TASK REQUIREMENTS: In the material below, write out each line word for word and omit the pictures.

DATA:
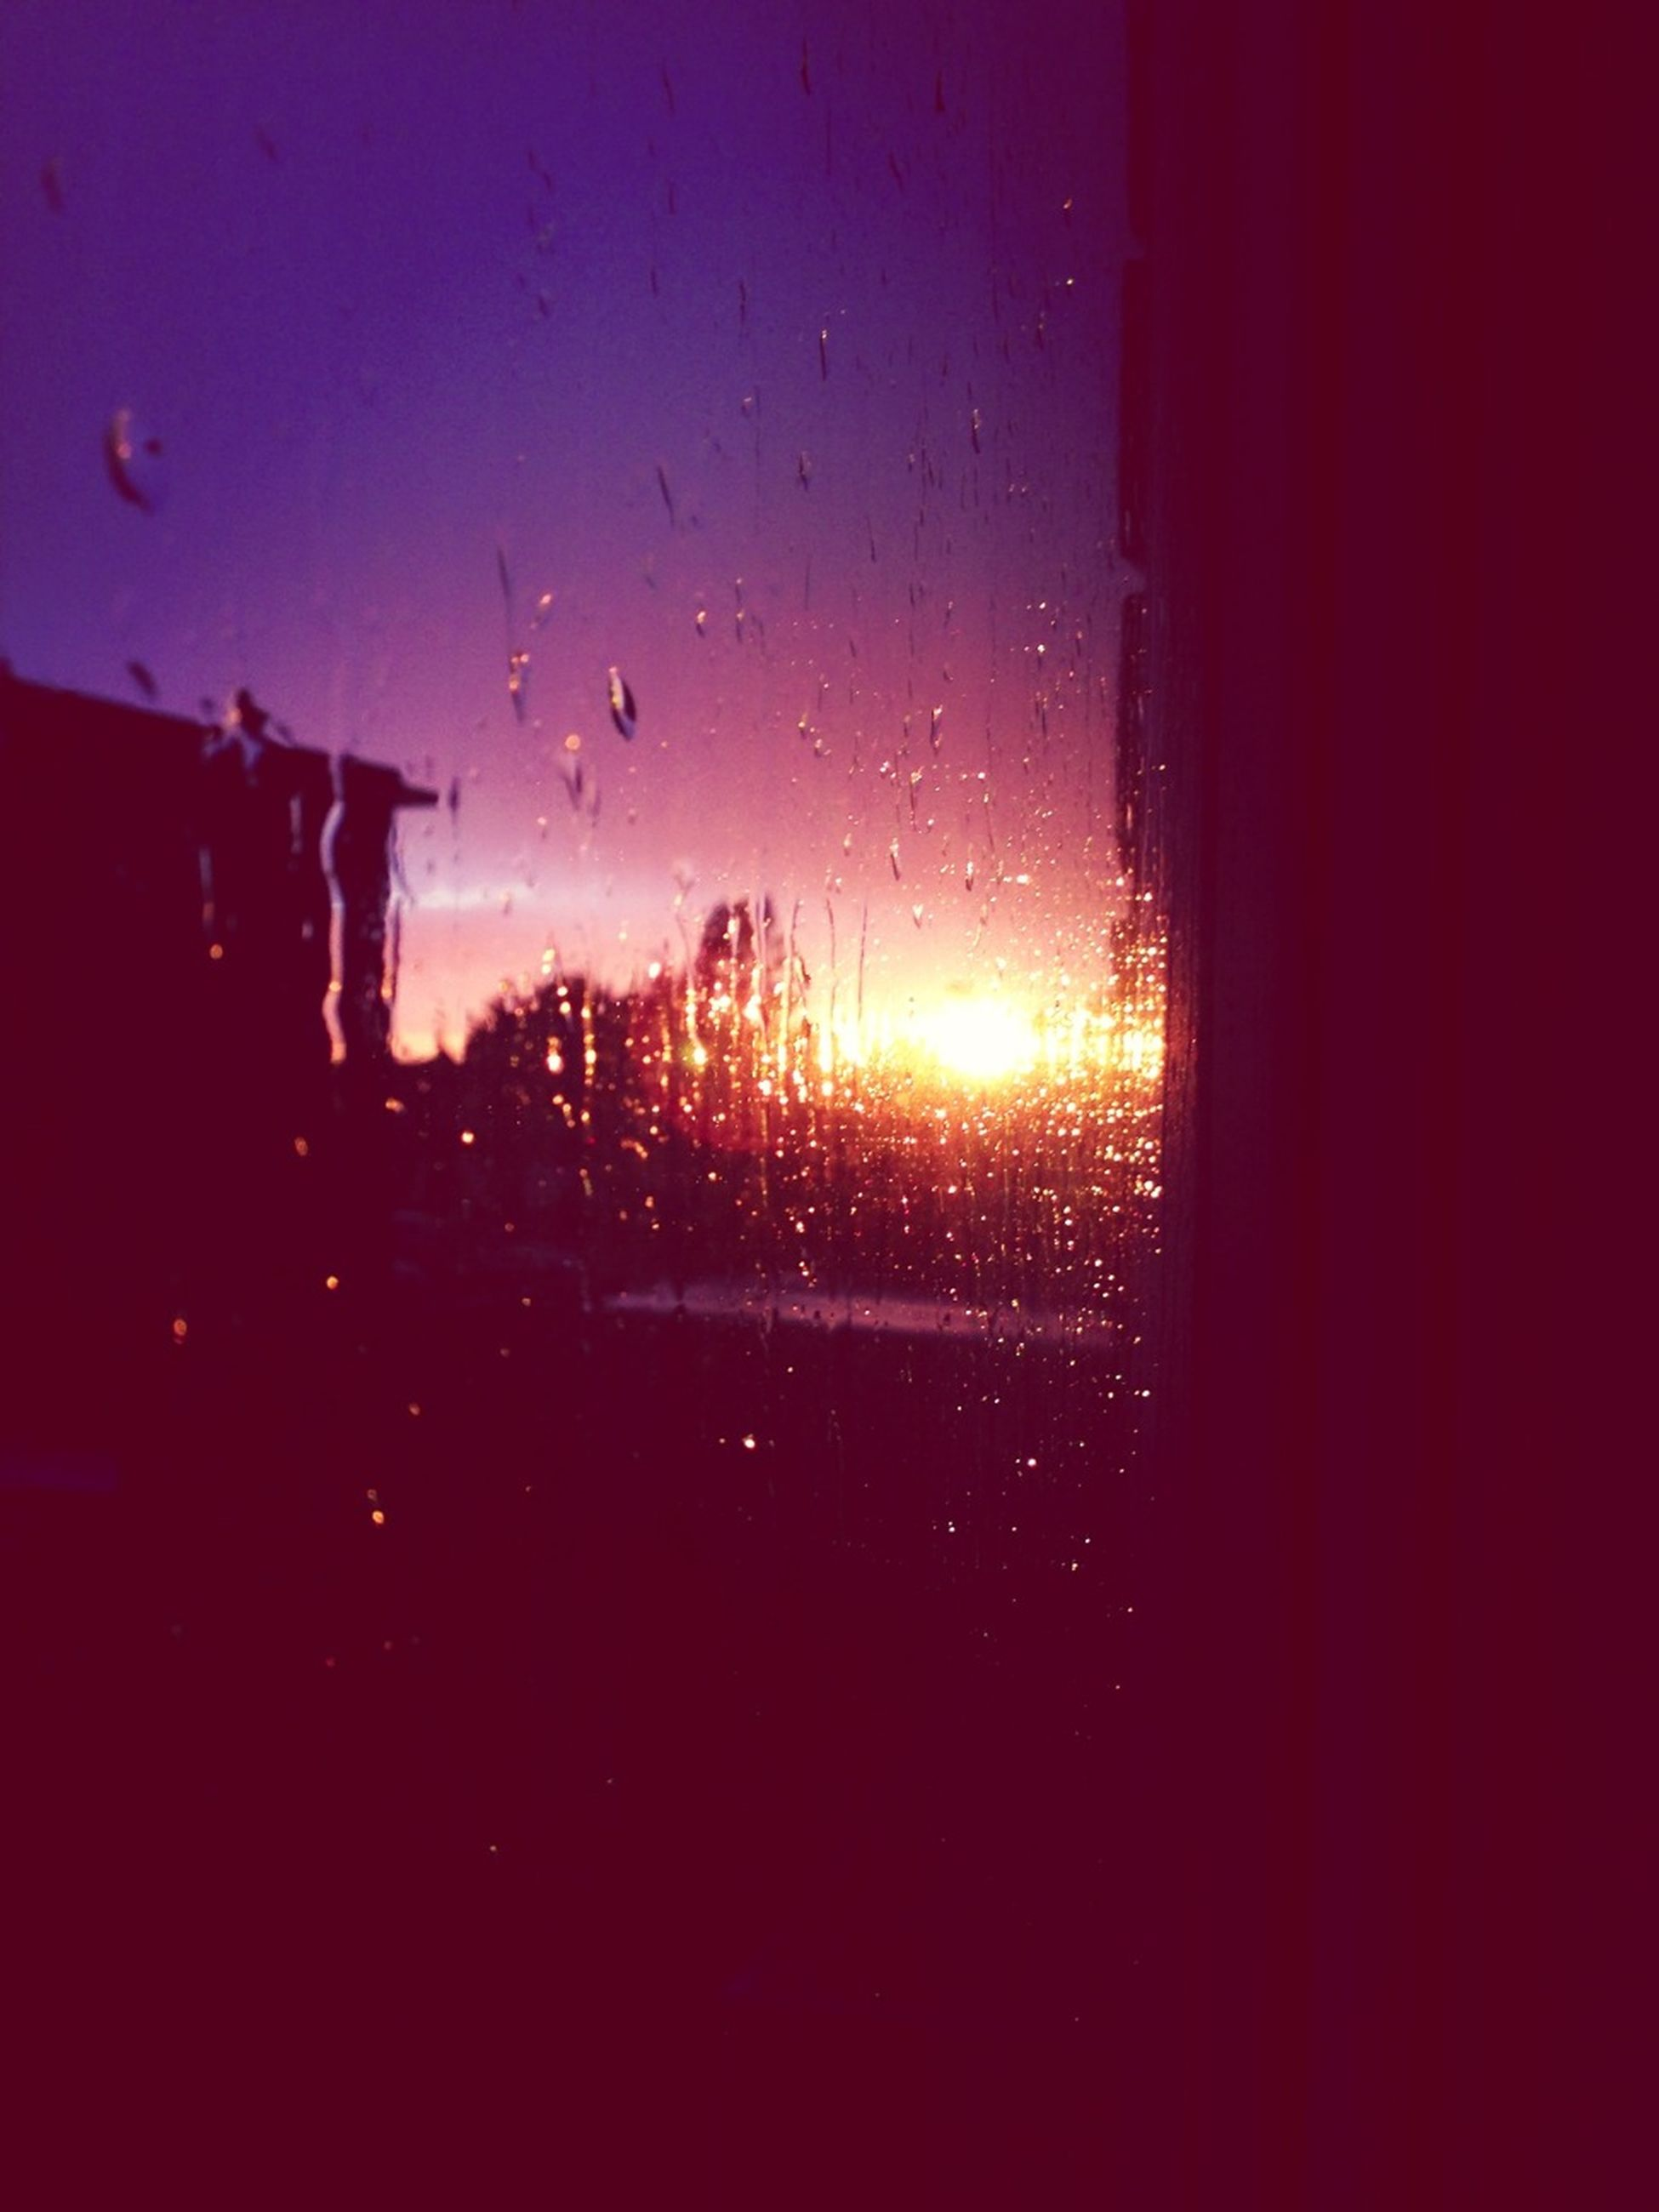 window, transparent, glass - material, sunset, sky, drop, silhouette, indoors, wet, sun, weather, water, nature, rain, no people, dark, glass, beauty in nature, scenics, season
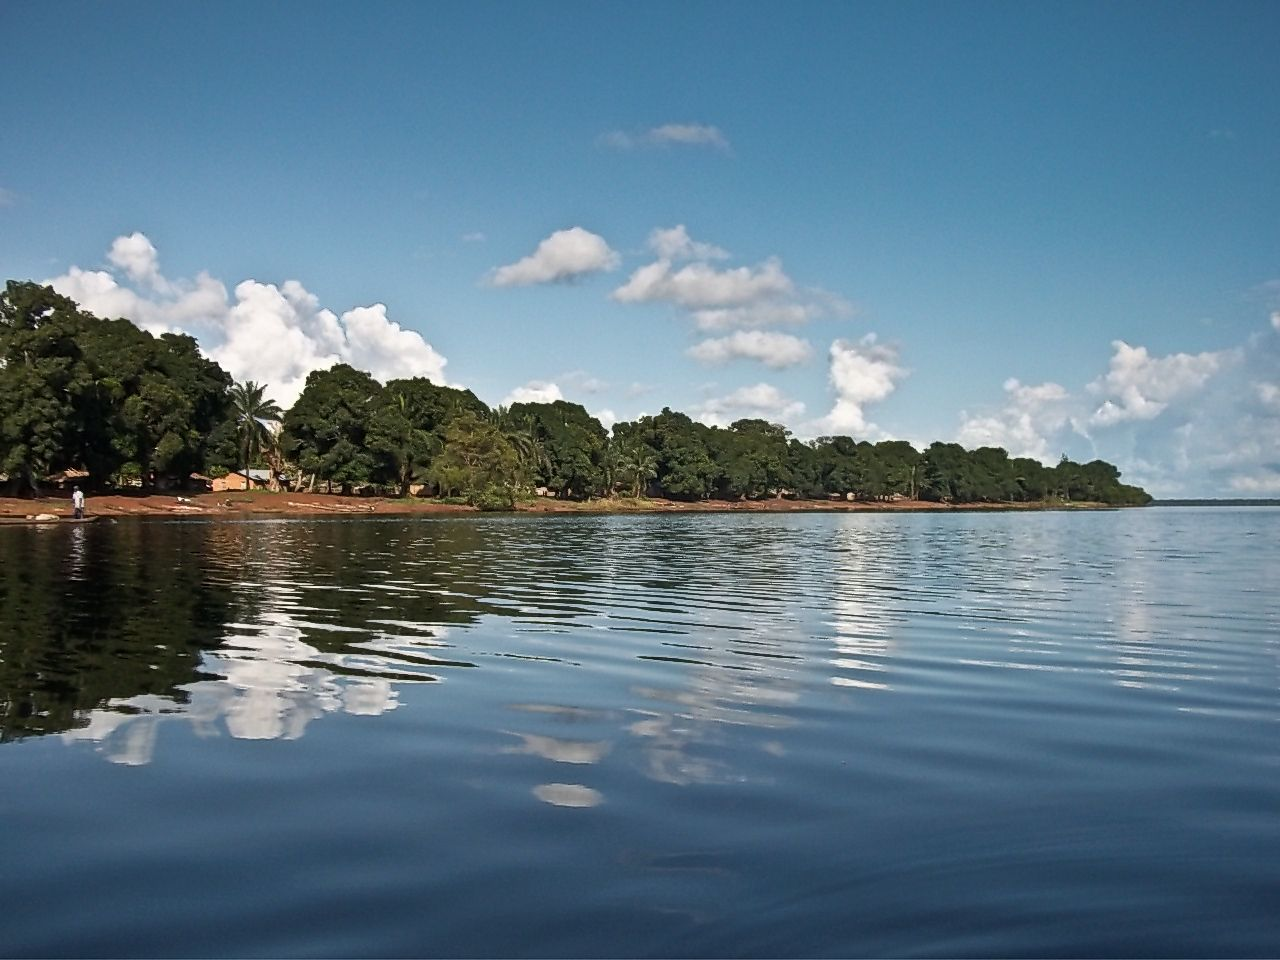 Riviere Et Lac Patrick Willocq 6 Jpg Crop Display Jpg 1280 960 Waterscape Outdoor Congo
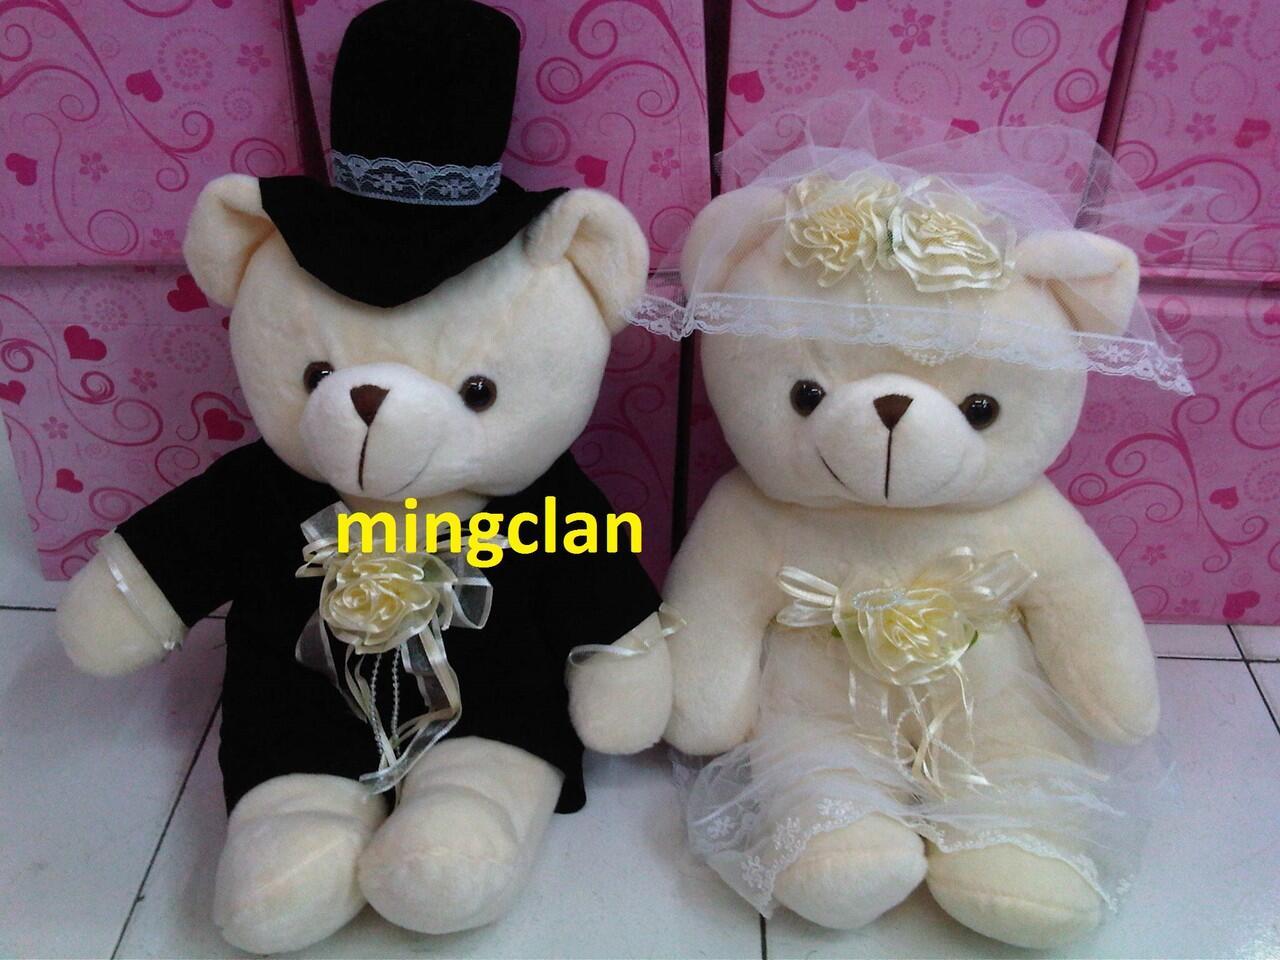 Terjual Jual Boneka - Boneka Wedding  81ad3b22a0

SOLUTION FOR THIS PROBLEM:
 window, transparent, glass - material, sunset, sky, drop, silhouette, indoors, wet, sun, weather, water, nature, rain, no people, dark, glass, beauty in nature, scenics, season
 Riviere Et Lac Patrick Willocq 6 Jpg Crop Display Jpg 1280 960 Waterscape Outdoor Congo
 Terjual Jual Boneka - Boneka Wedding  81ad3b22a0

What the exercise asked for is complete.